I have a 1xm cell array named (DATA) which consists of kxn tables and a second cell array 1xm consisting of 1xn tables named (To).
I want to loop through the first cell array and perform the following equation on each row of each column of K and return a new cell array.
new_data = (Data - To)/To;
I am doing the following but no luck.
for j = 1:size (Data,2)
file = Data {1,j};
A_Data= table2array(file(:,2:31));
[NEW_TABLE{j}]= ((A_Data(1,j) - (To(1,j))./(To(1,j));
end
4 Comments
Answers (1)
dpb
on 8 Mar 2021
Edited: dpb
on 8 Mar 2021
DATA={table(rand(4,3))}; DATA(2,1)={table(rand(4,3))};
To={table(randi(5,4,1))}; To(2,1)={table(randi(5,4,1))};
% preliminaries of some sample data to work on out of the way, ...
% the engine
N=cellfun(@(d,t) (d{:,:}-t{:,:})./t{:,:},DATA,To,'UniformOutput',false);
yields
>> N{1}
ans =
-0.8177 -0.8075 -0.8770
-0.8086 -0.7553 -0.9355
-0.8487 -0.9777 -0.9926
-0.1567 -0.6039 -0.0256
>> DATA{1}
ans =
4×1 table
Var1
_______________________________
0.72902 0.77016 0.49206
0.76565 0.97866 0.25809
0.75658 0.11136 0.036966
0.84327 0.39608 0.97438
>> (DATA{1}.Var1-To{1}.Var1)./To{1}.Var1
ans =
-0.8177 -0.8075 -0.8770
-0.8086 -0.7553 -0.9355
-0.8487 -0.9777 -0.9926
-0.1567 -0.6039 -0.0256
>>
one could wrap N into a table if really wanted...
Also NB: that the anonymous function could have used .Var1 notation as well instead of {} syntax; the latter works whether is on variable as an array or a set of variables as columns...
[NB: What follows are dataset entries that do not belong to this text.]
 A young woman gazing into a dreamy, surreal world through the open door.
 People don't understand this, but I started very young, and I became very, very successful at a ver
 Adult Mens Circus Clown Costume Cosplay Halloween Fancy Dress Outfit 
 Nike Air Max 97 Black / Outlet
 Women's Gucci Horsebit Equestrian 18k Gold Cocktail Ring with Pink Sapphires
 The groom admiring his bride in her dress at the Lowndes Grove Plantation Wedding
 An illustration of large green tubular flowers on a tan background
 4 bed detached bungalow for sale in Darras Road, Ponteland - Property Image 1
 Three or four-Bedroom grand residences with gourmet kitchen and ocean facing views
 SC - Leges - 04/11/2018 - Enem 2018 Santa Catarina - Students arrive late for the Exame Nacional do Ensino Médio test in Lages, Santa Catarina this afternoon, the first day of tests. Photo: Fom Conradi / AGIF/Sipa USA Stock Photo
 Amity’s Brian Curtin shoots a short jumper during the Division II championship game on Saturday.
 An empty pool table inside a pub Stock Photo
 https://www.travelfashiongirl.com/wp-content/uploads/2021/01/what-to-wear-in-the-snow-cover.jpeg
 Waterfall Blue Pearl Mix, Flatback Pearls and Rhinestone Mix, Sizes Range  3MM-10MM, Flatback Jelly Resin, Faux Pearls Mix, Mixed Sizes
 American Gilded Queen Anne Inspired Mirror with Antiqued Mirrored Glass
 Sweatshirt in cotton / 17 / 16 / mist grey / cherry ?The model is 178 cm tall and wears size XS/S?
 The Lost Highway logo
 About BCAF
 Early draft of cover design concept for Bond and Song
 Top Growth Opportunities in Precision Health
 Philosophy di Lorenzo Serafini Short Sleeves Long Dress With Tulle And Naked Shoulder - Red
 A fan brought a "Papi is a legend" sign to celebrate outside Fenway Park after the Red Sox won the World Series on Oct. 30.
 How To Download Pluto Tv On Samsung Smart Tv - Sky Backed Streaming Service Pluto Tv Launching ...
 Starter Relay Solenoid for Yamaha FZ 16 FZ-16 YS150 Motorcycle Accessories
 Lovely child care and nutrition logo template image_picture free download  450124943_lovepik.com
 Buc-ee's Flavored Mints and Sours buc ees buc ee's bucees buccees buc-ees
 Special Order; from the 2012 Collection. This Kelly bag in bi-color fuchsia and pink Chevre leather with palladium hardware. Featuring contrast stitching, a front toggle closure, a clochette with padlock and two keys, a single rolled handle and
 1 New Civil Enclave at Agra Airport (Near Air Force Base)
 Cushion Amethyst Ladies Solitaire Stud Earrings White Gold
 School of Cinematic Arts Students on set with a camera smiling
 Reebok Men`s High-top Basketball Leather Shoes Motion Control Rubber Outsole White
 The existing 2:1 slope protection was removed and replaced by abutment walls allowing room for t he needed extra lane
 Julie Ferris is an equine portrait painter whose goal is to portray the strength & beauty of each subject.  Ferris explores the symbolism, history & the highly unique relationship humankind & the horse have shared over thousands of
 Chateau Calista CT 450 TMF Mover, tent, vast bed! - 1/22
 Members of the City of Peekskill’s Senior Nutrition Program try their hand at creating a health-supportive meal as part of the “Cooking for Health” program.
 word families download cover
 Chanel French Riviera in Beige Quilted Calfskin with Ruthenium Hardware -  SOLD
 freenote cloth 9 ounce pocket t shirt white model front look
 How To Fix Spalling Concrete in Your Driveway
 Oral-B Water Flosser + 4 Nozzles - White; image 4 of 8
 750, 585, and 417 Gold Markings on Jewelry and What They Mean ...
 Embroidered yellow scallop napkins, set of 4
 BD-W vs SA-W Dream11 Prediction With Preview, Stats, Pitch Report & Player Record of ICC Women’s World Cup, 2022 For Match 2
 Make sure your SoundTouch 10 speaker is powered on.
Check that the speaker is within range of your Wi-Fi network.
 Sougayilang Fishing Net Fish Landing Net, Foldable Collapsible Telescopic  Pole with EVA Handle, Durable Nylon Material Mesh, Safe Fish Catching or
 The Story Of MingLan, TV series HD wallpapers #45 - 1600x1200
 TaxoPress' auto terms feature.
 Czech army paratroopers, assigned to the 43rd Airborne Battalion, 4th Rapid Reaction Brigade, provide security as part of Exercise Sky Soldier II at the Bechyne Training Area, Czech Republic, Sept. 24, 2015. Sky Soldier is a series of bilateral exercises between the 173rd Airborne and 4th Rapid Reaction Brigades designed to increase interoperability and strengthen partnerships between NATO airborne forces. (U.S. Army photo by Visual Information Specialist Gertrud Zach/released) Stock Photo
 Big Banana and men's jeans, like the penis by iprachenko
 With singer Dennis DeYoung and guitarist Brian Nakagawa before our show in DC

NB2: The missing "." in the element-wise division using "./" is at least one source of your problem altho I didn't try to read the code itself for accuracy otherwise.
4 Comments
dpb
on 10 Mar 2021
ADDENDUM:
One could write code to find the intersection of the variables between the two by name from the Properties.VariableNames cell arrays and operate only over those -- but it may/may not match in size depending upon what the two tables contain -- in this case, one could get all of the data table and throw away the extraneous T column, if the names don't match 1:1, there could be anything from that to the null set.
Siddharth Bhutiya
on 30 Mar 2023
In 23a tables and timetables support standard arithmetic operations so in the cellfun call above you would no longer need the brace indexing (d{:,:}). It can be simplified to something like below.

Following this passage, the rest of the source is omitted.